(Reuters) - State governments, which have been battling slow economic growth, cut aid to public colleges for five years and now spend 28 percent less per student than they did in 2008, according to a study published on Tuesday.
The reductions in every state except Wyoming and North Dakota average $2,353 for the 75 percent of undergraduates who attend public colleges and show few signs of easing soon, according to the study's lead writer, Phil Oliff of the Center on Budget and Policy Priorities.
"The rate of decline has moderated somewhat, but we don't see clear signs that states are reinvesting in their higher education systems," Oliff said in a conference call with reporters. "They are coming out of an enormous hole."
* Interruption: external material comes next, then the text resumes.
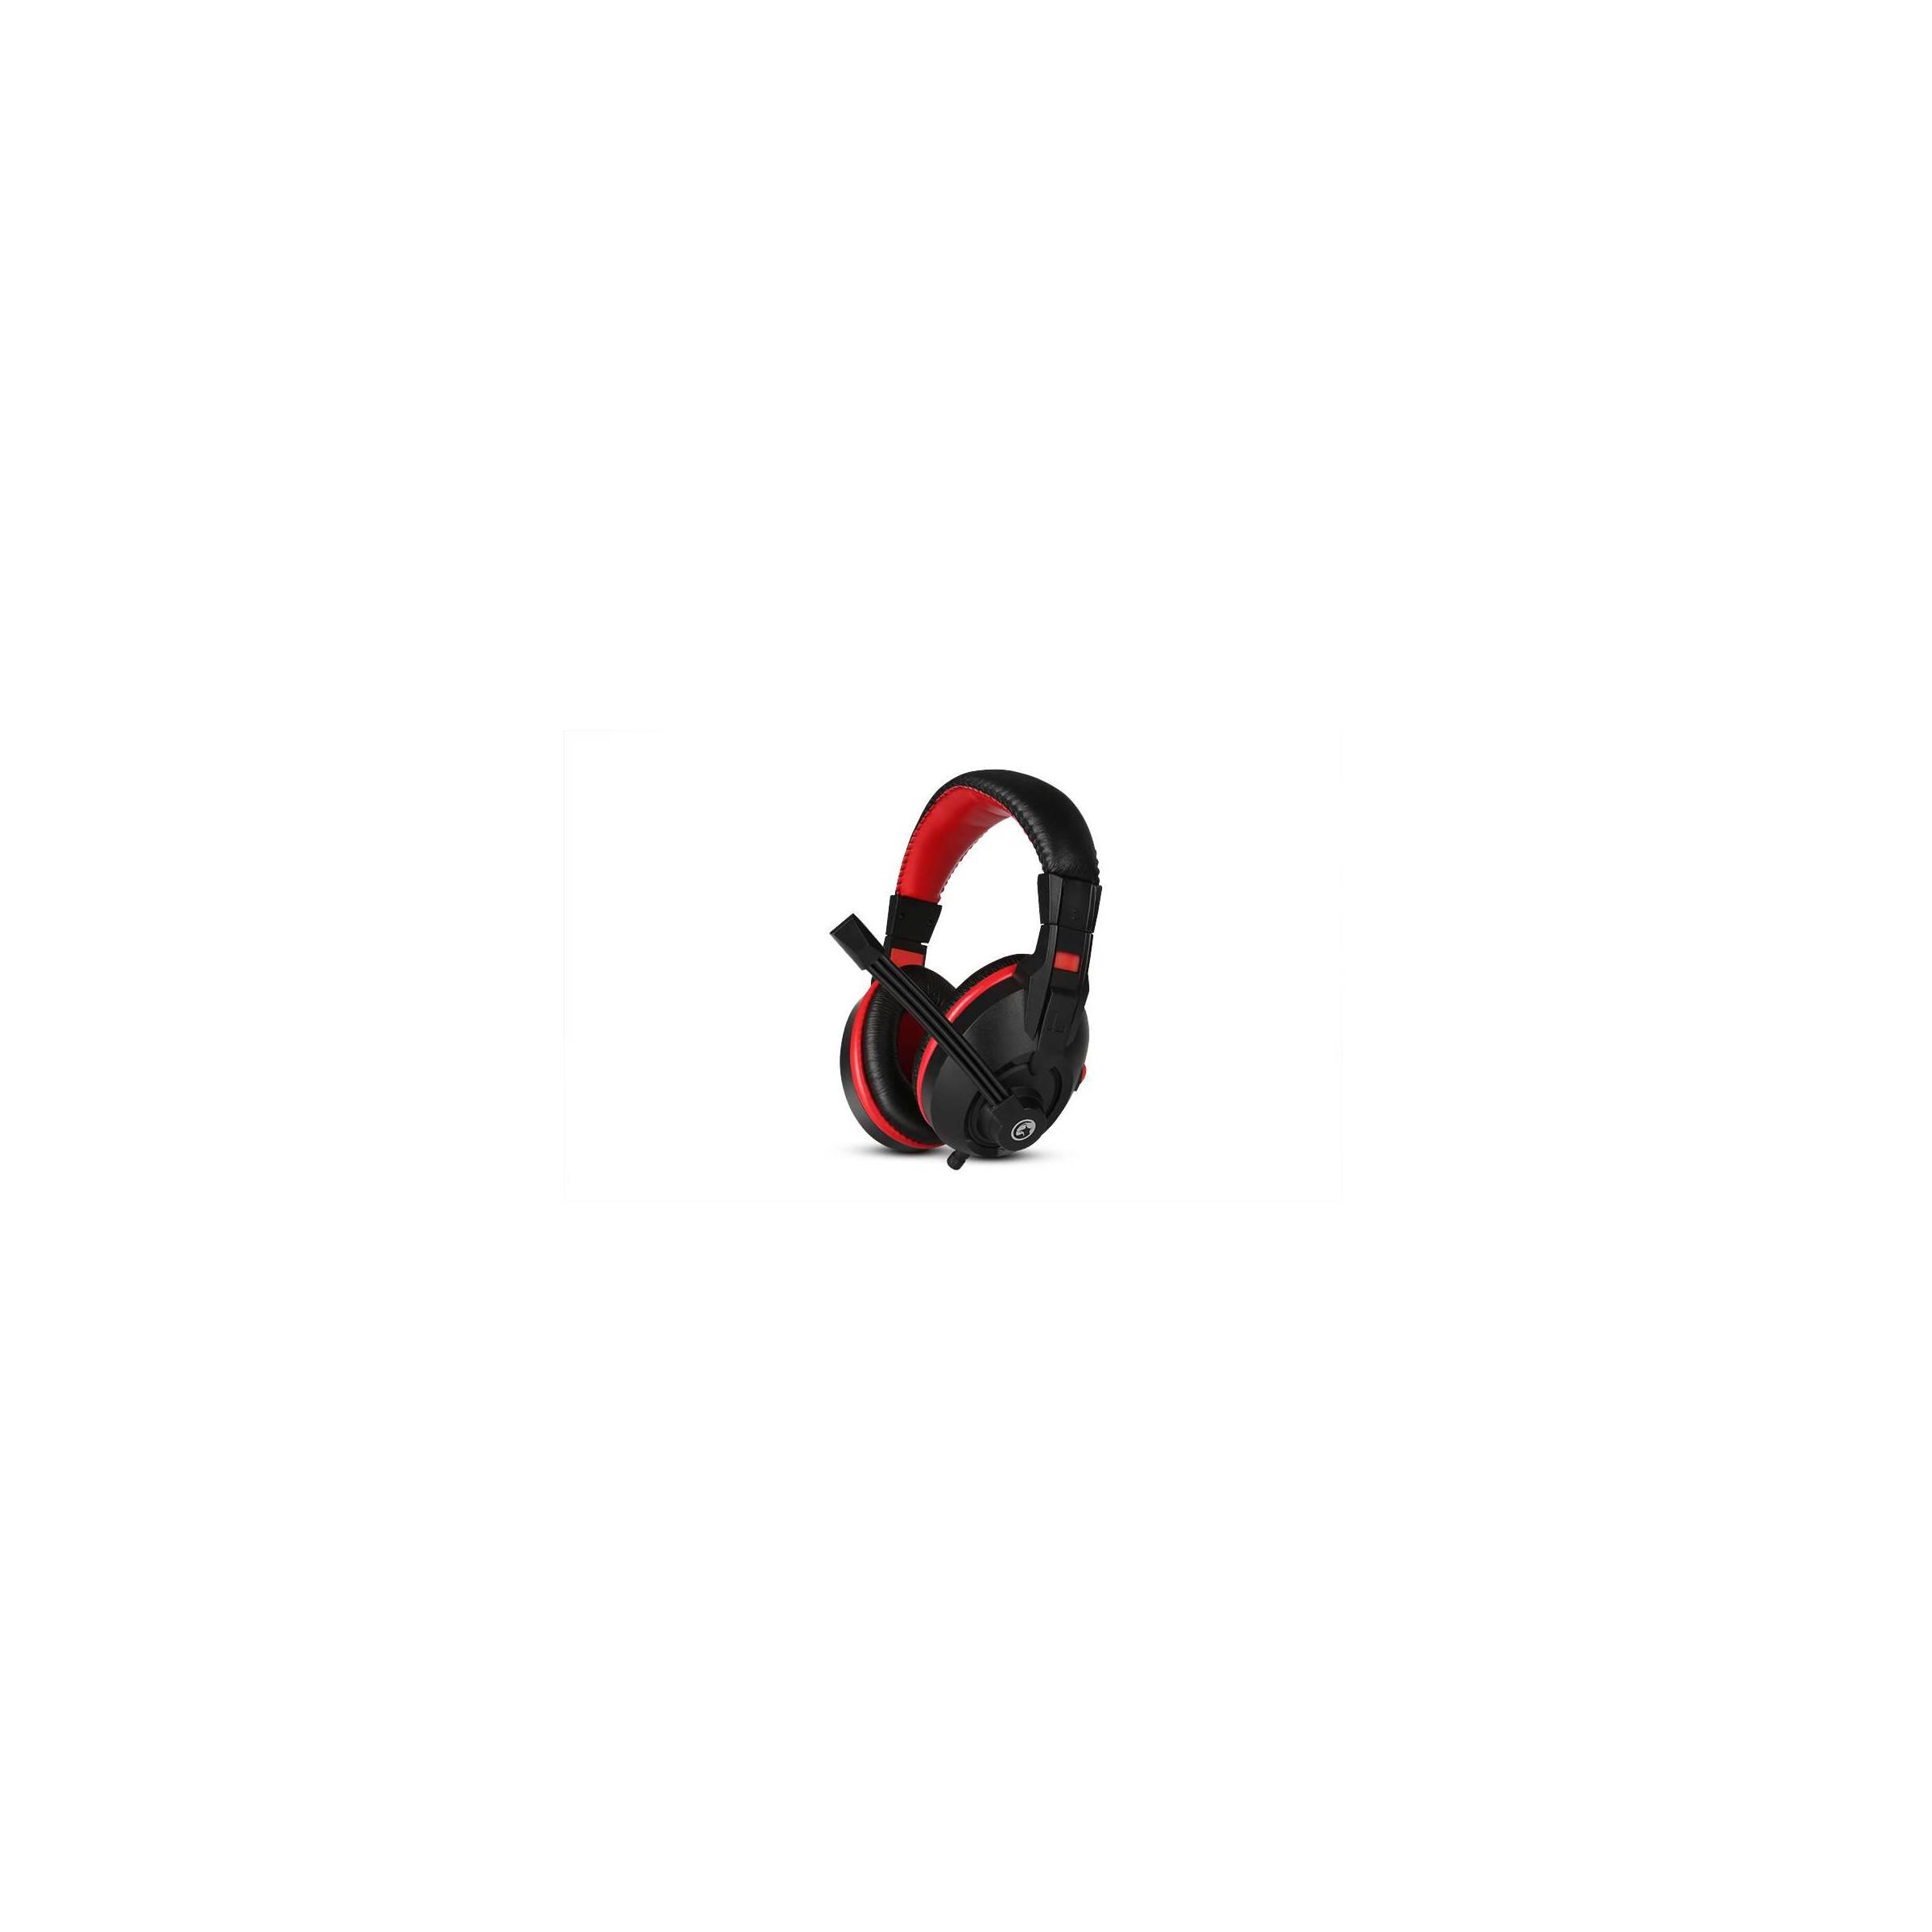 Marvo gaming headset h8321 fra scorpion by marvo fra mackabler.dk
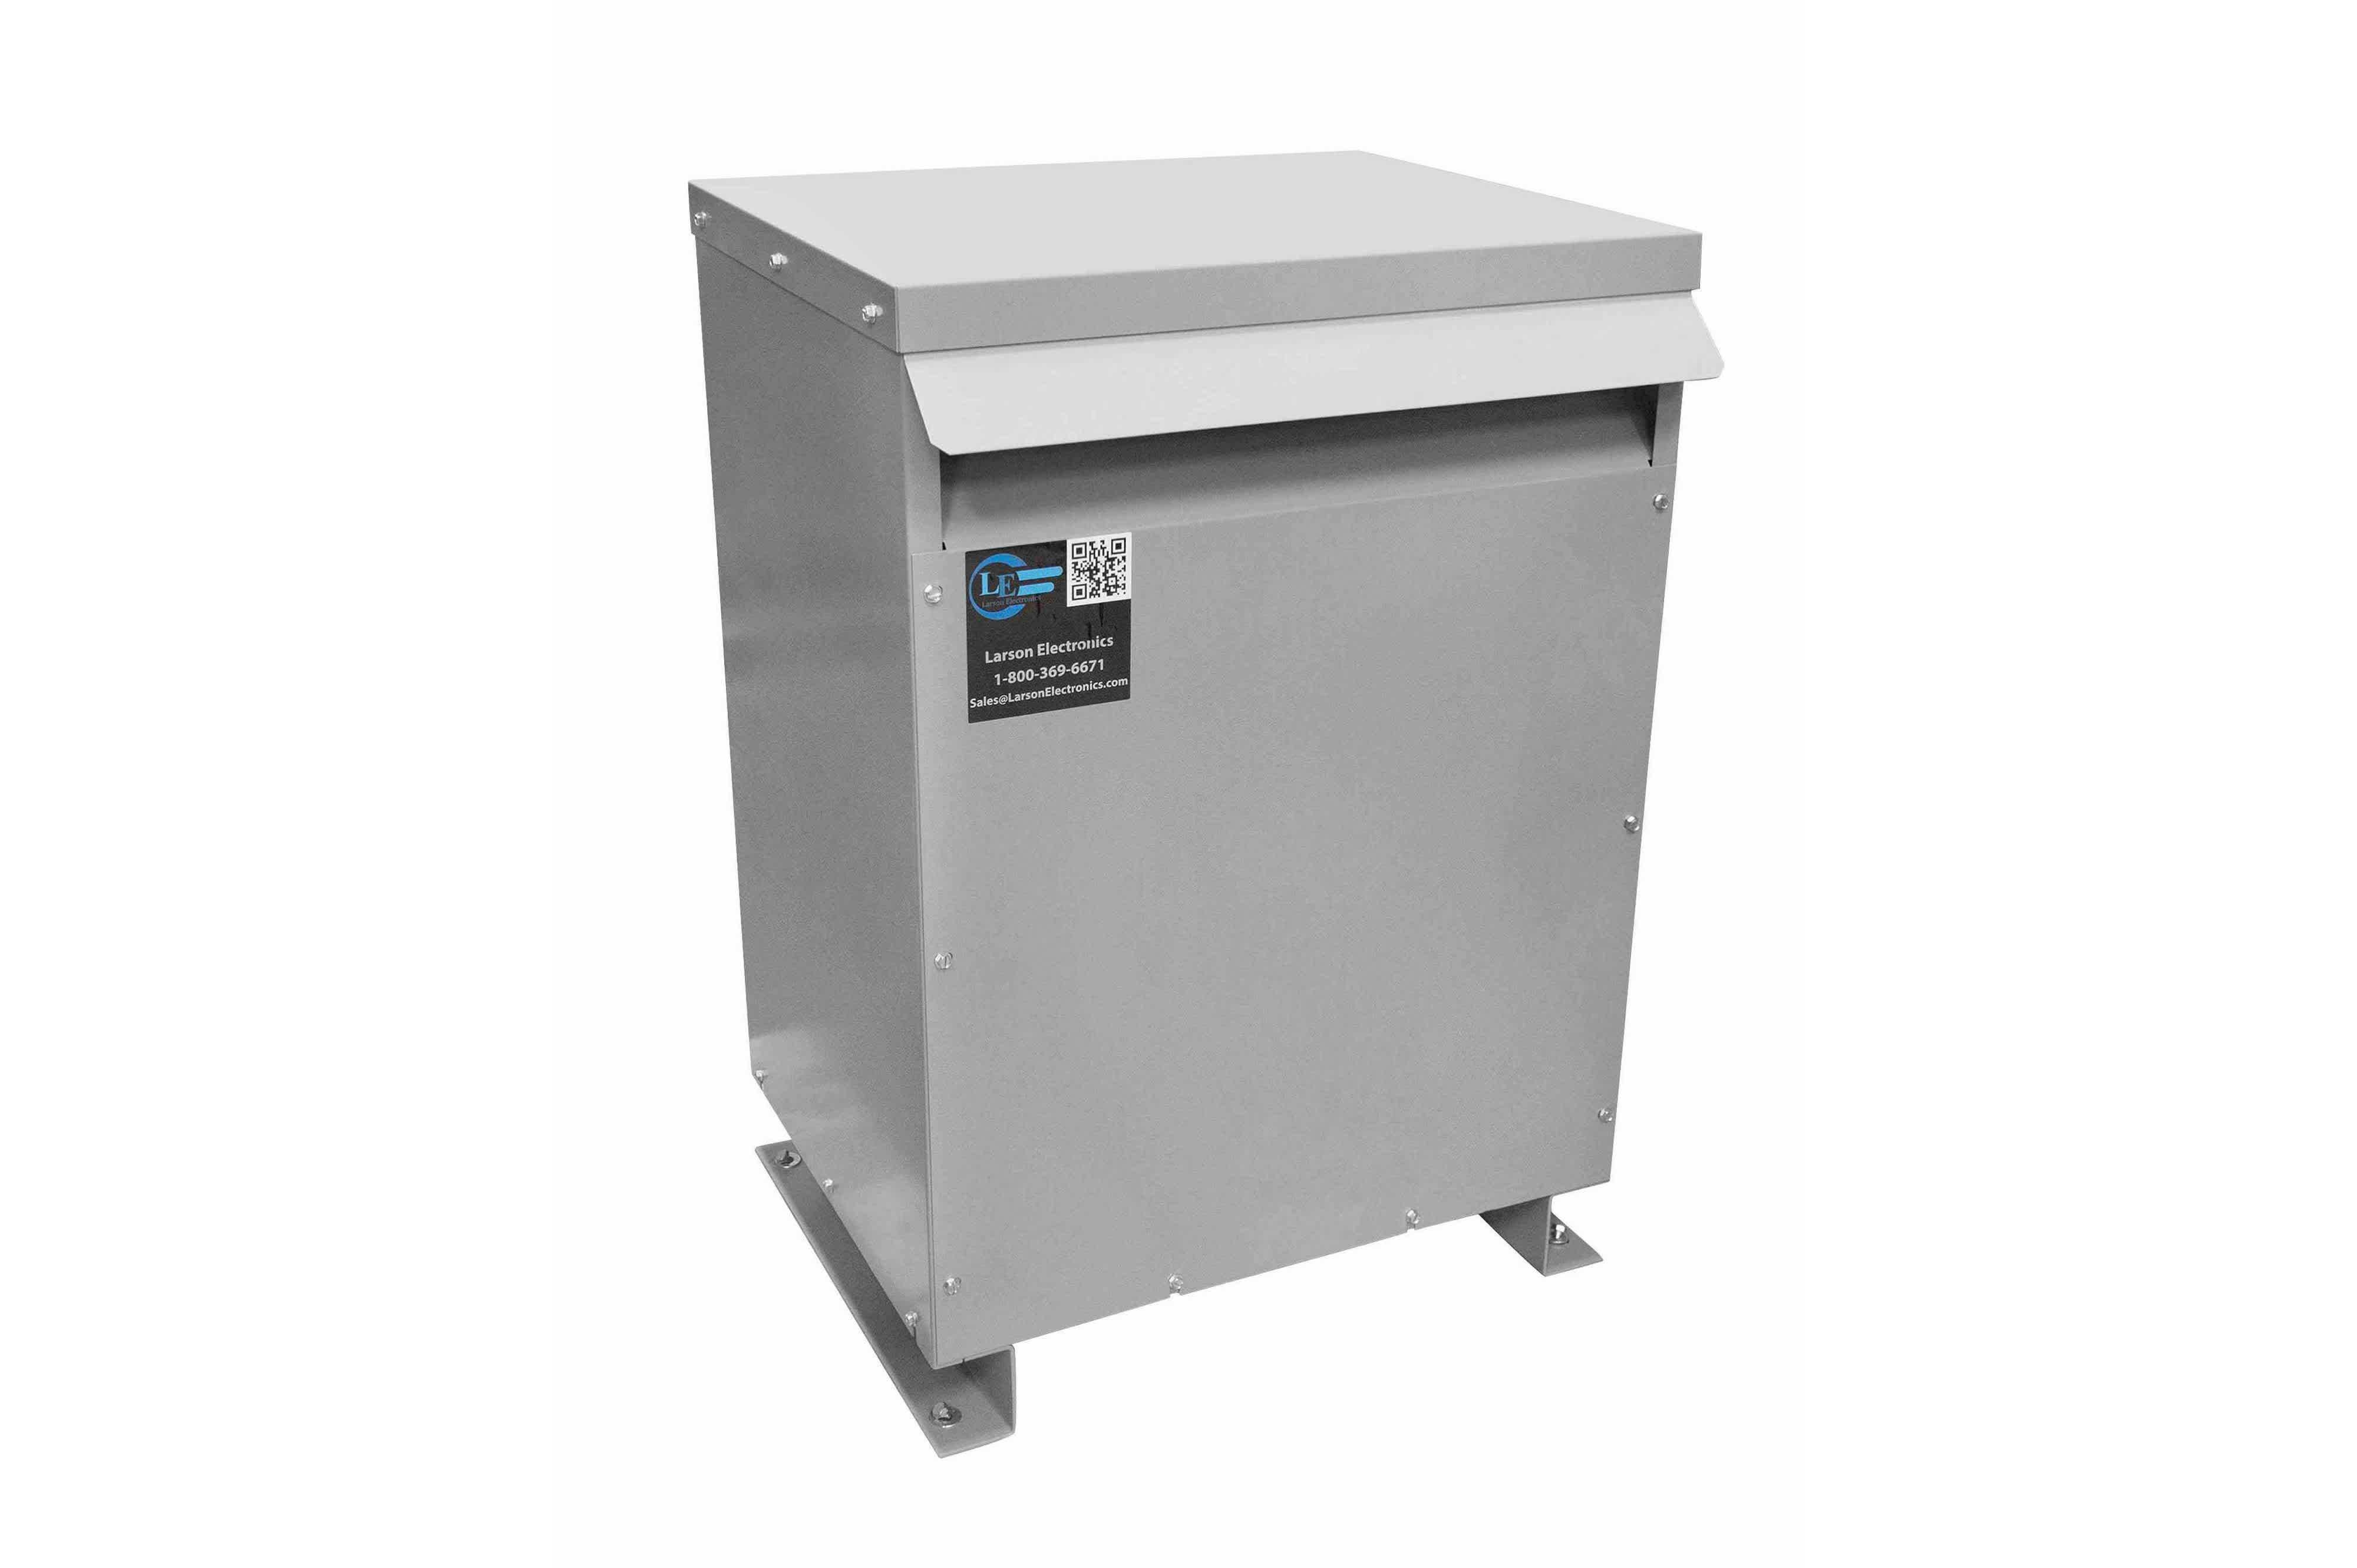 47.5 kVA 3PH Isolation Transformer, 415V Wye Primary, 240V/120 Delta Secondary, N3R, Ventilated, 60 Hz

Revenues for state governments have risen for nearly three years, but are not matching the bounceback after previous recessions, with the rate of increase slowing in the 2012 third quarter, according to the Rockefeller Institute of Government.
The cuts by state governments range from nearly $4,800 annually per student in New Mexico to $561 in Alaska and have spurred tuition hikes at public colleges, staff cuts, larger classes and the elimination of courses and departments, the study said.
"Thirty-six states have cut funding by more than 20 percent, with 11 states cutting funding by more than one-third. Two states -- Arizona and New Hampshire -- have cut their higher education spending in half," the study said.
Florida, Oregon, Louisiana and Alabama were among states that pulled back most sharply on college aid, while New York, North Carolina and Maine made the smallest reductions in the years tracked in the study.
Tuition at four-year public colleges has grown on average by $1,850 a year, or 27 percent when adjusted for inflation, since the 2007-2008 academic year, the study said. Tuition in Arizona and California has shot up more than 70 percent.
Other big percentage hikes were in Florida, Georgia, Washington state, Hawaii and Alabama.
State policymakers need to ease away from tax cuts and to consider increasing revenues to reinvigorate their public colleges, the study said.